→ HOW TO COMPLETE THIS TASK:
Lower down are entries containing pictures. Copy exactly, without those pictures, the lines from the line with "Tyler John Davies" through the line with "Stone Coffin by".

→ MATERIAL TO PROCESS:
___

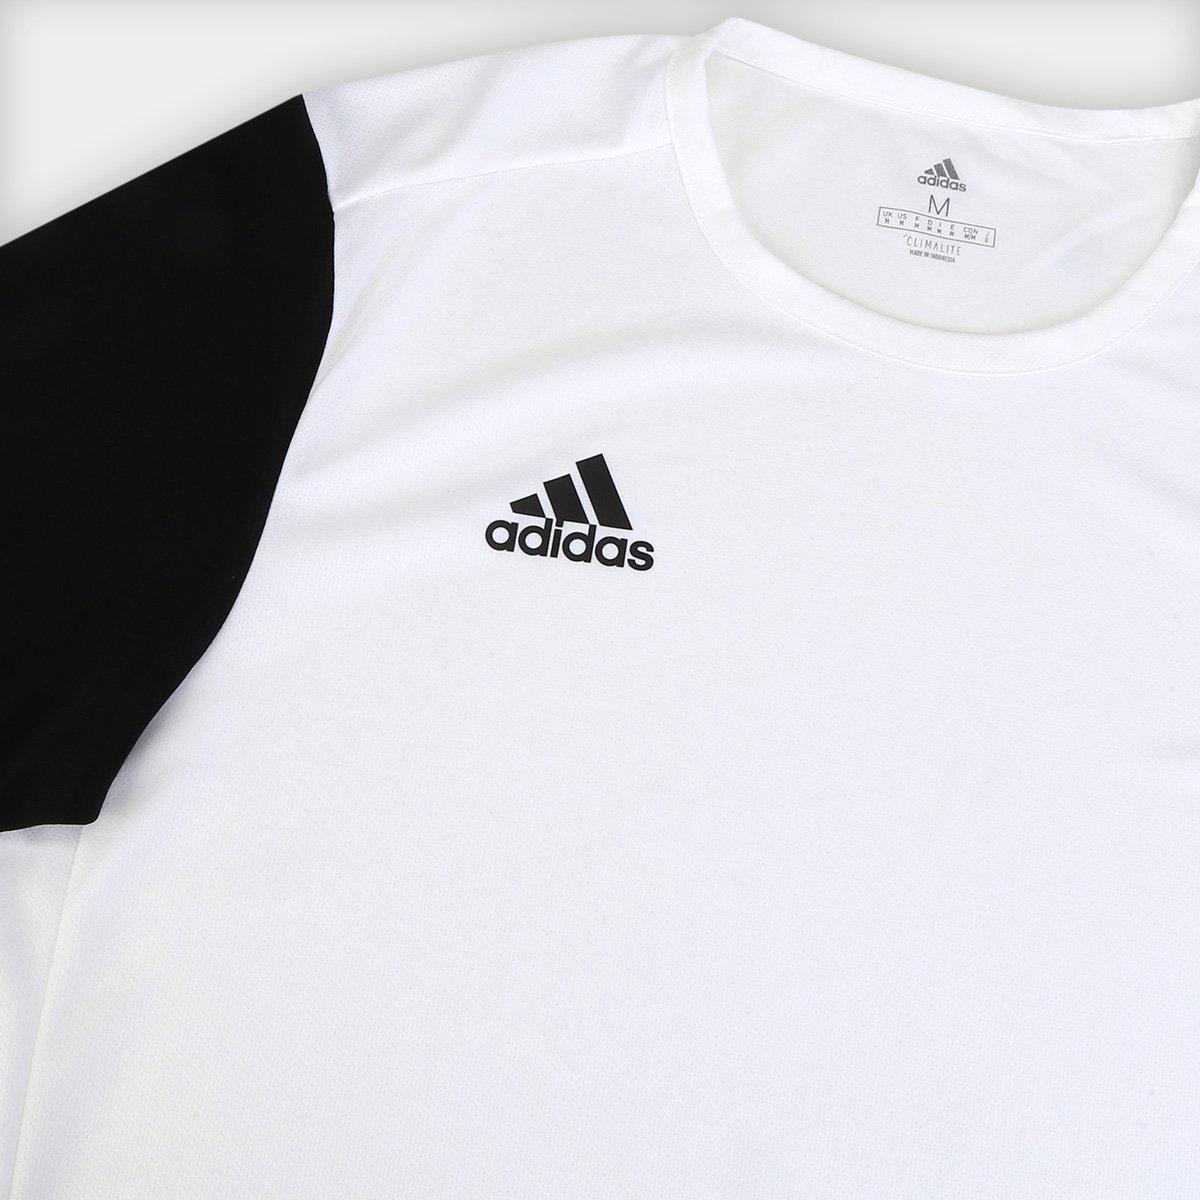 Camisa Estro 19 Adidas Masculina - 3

___

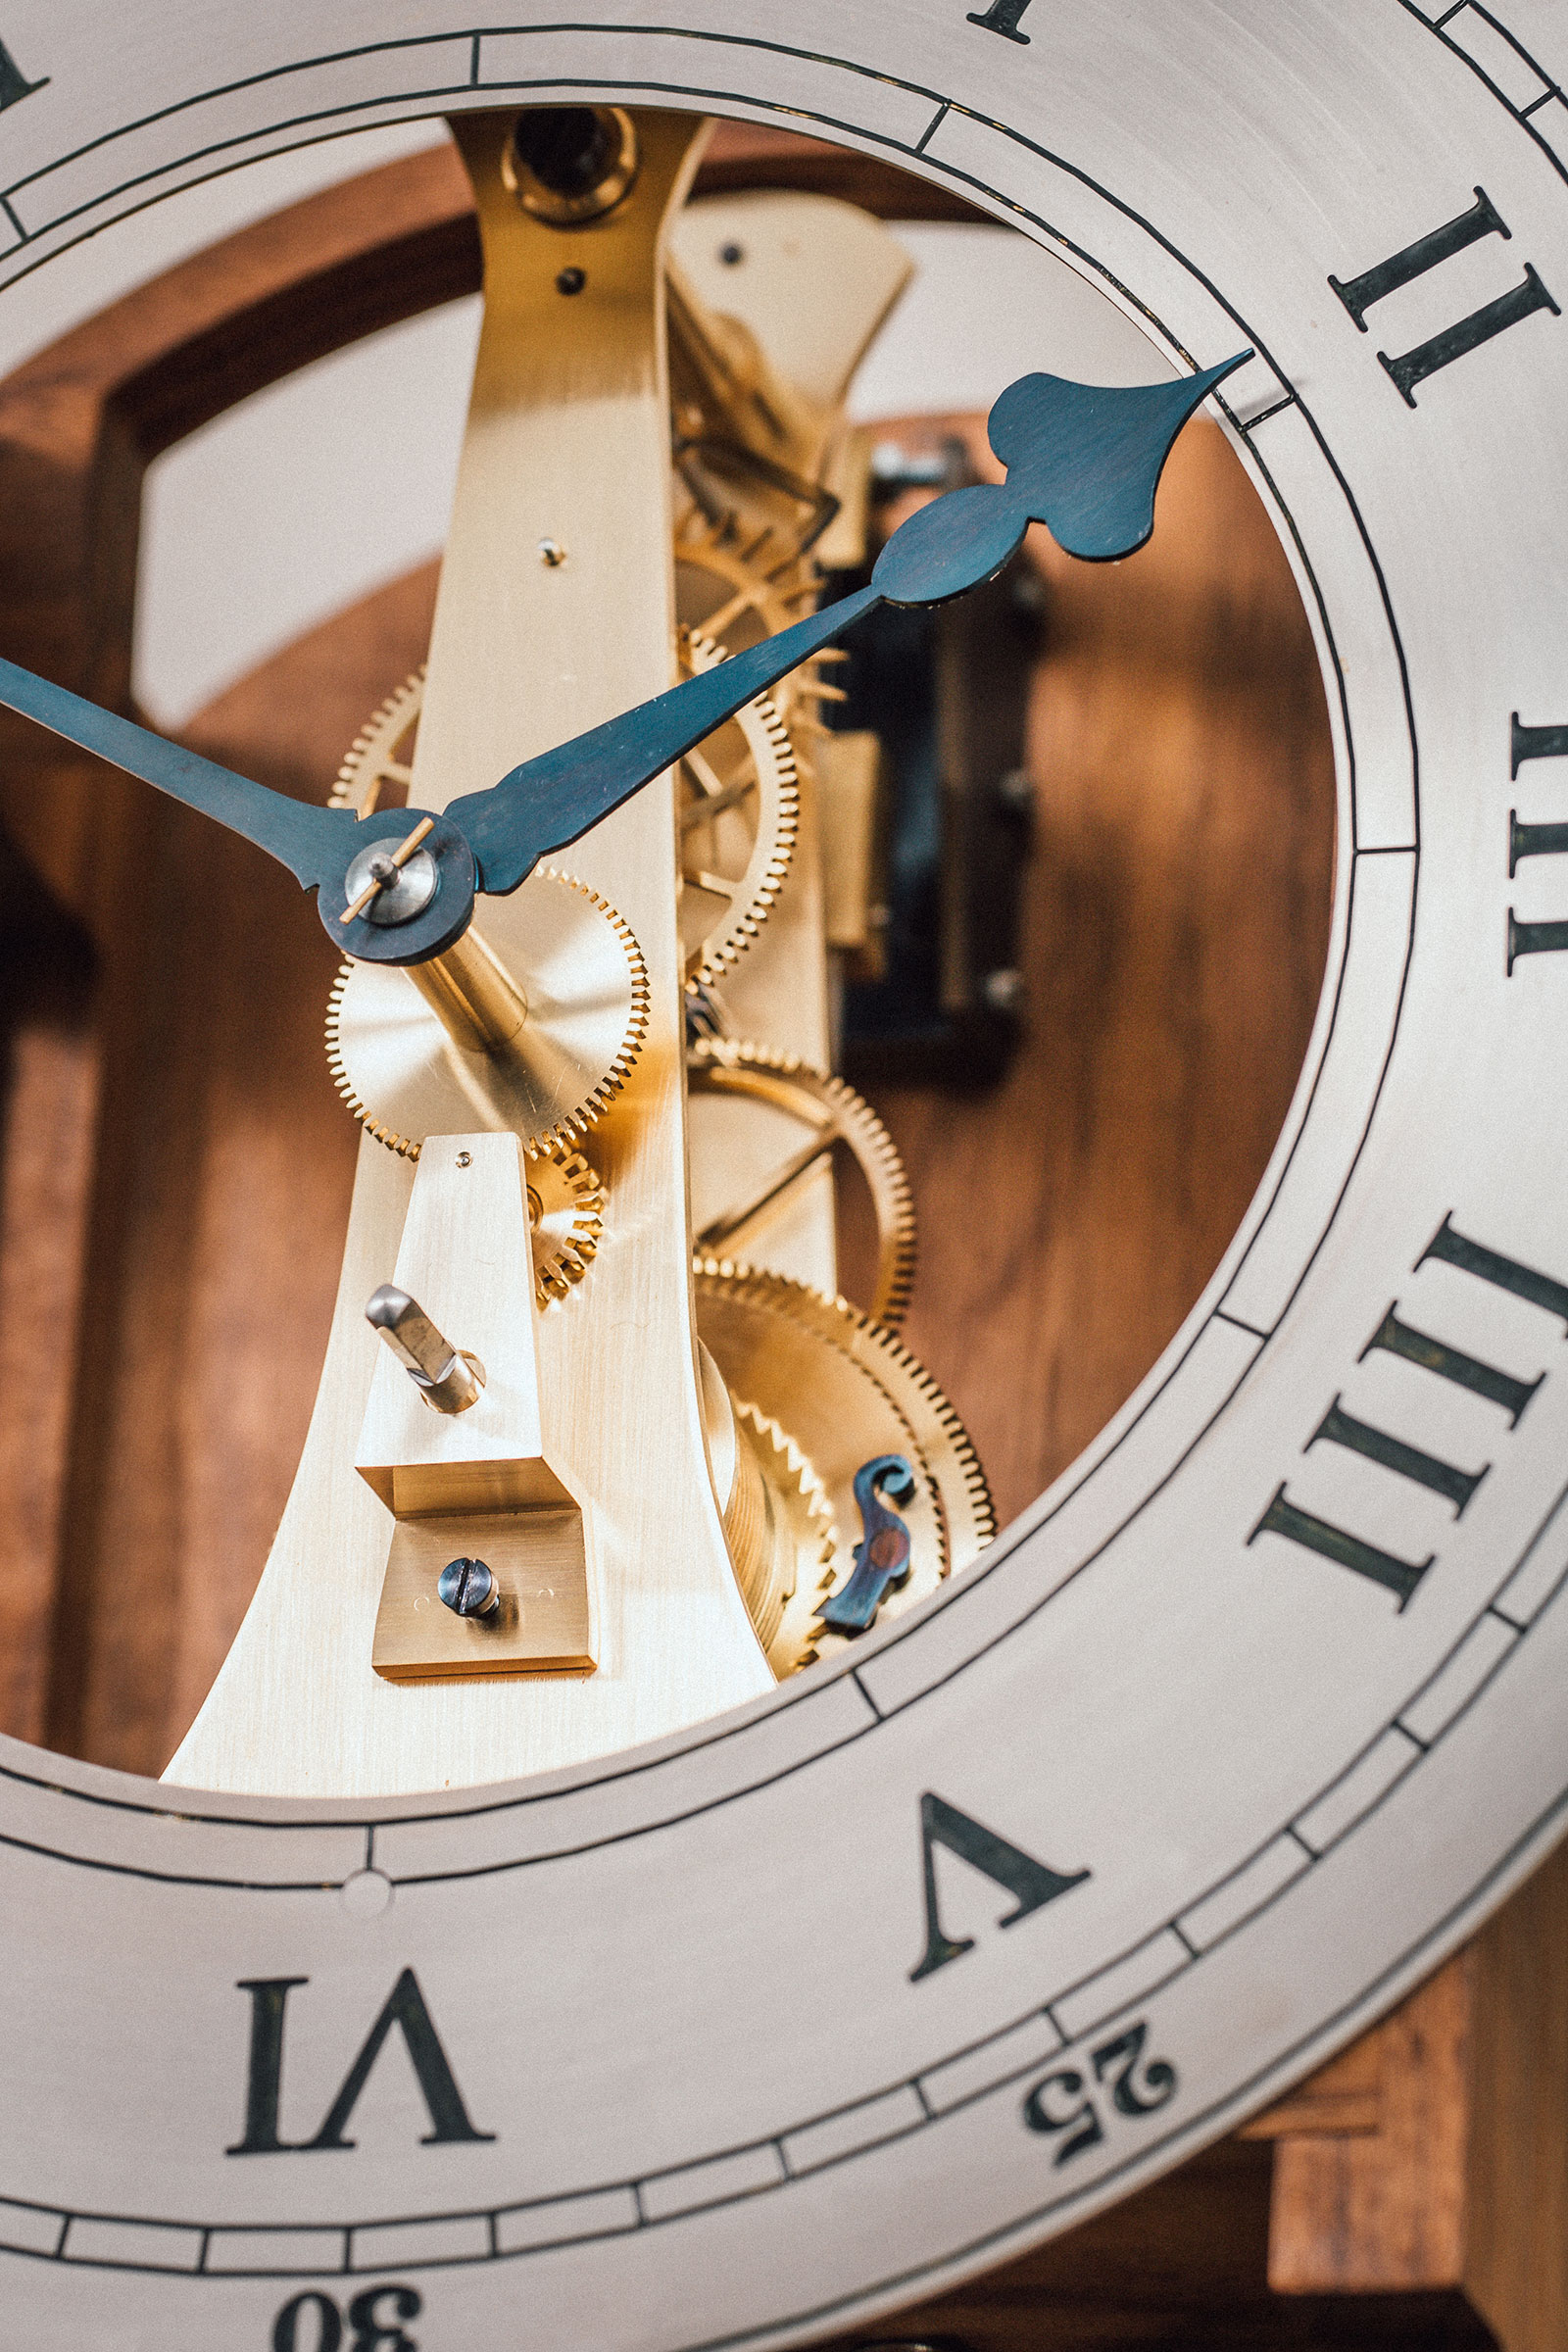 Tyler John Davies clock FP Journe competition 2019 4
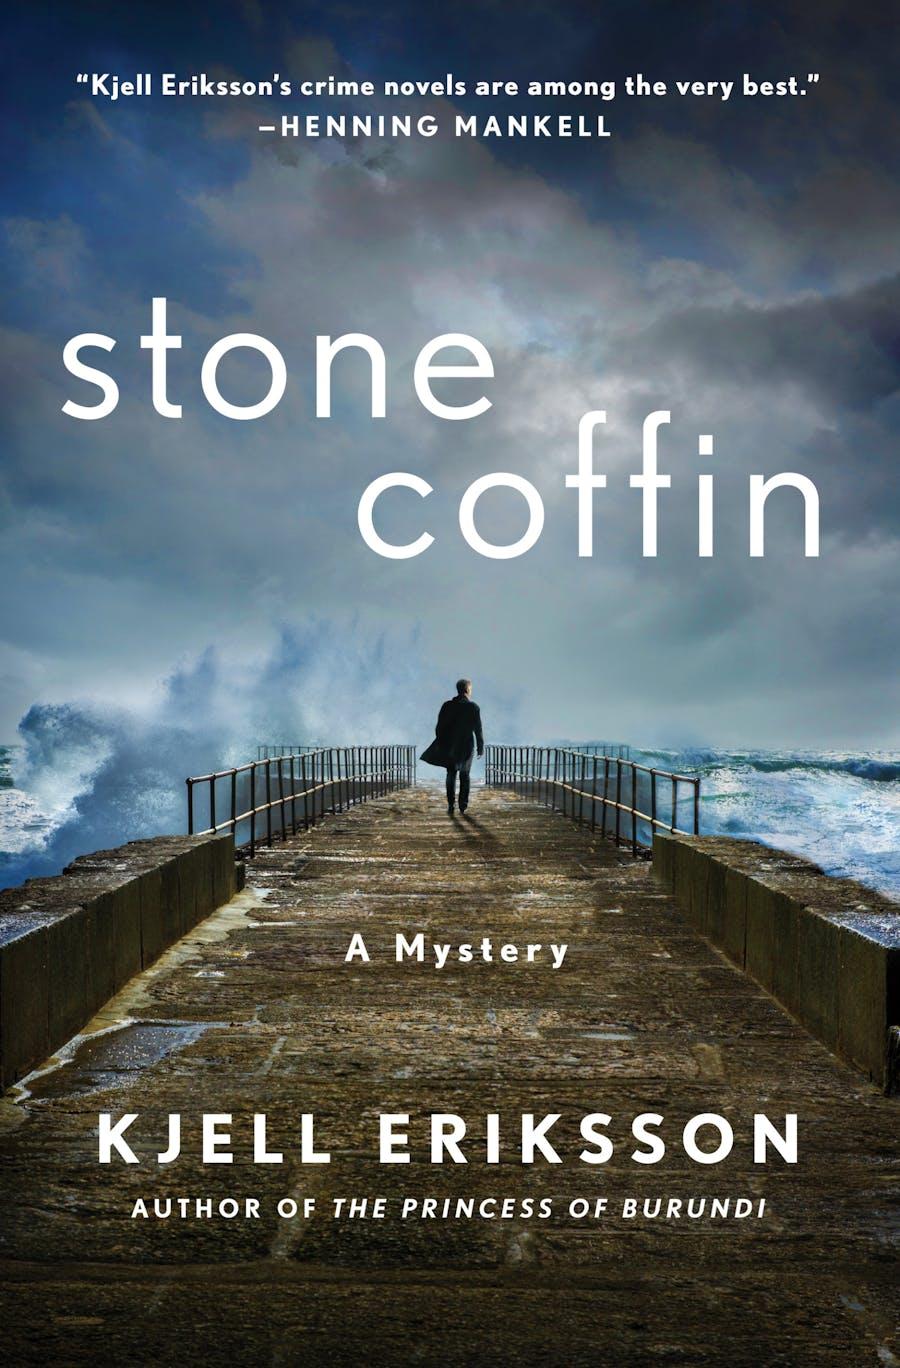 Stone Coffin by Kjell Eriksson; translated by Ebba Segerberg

___

→ REPLY TO THE EXERCISE:
 Tyler John Davies clock FP Journe competition 2019 4
 Stone Coffin by Kjell Eriksson; translated by Ebba Segerberg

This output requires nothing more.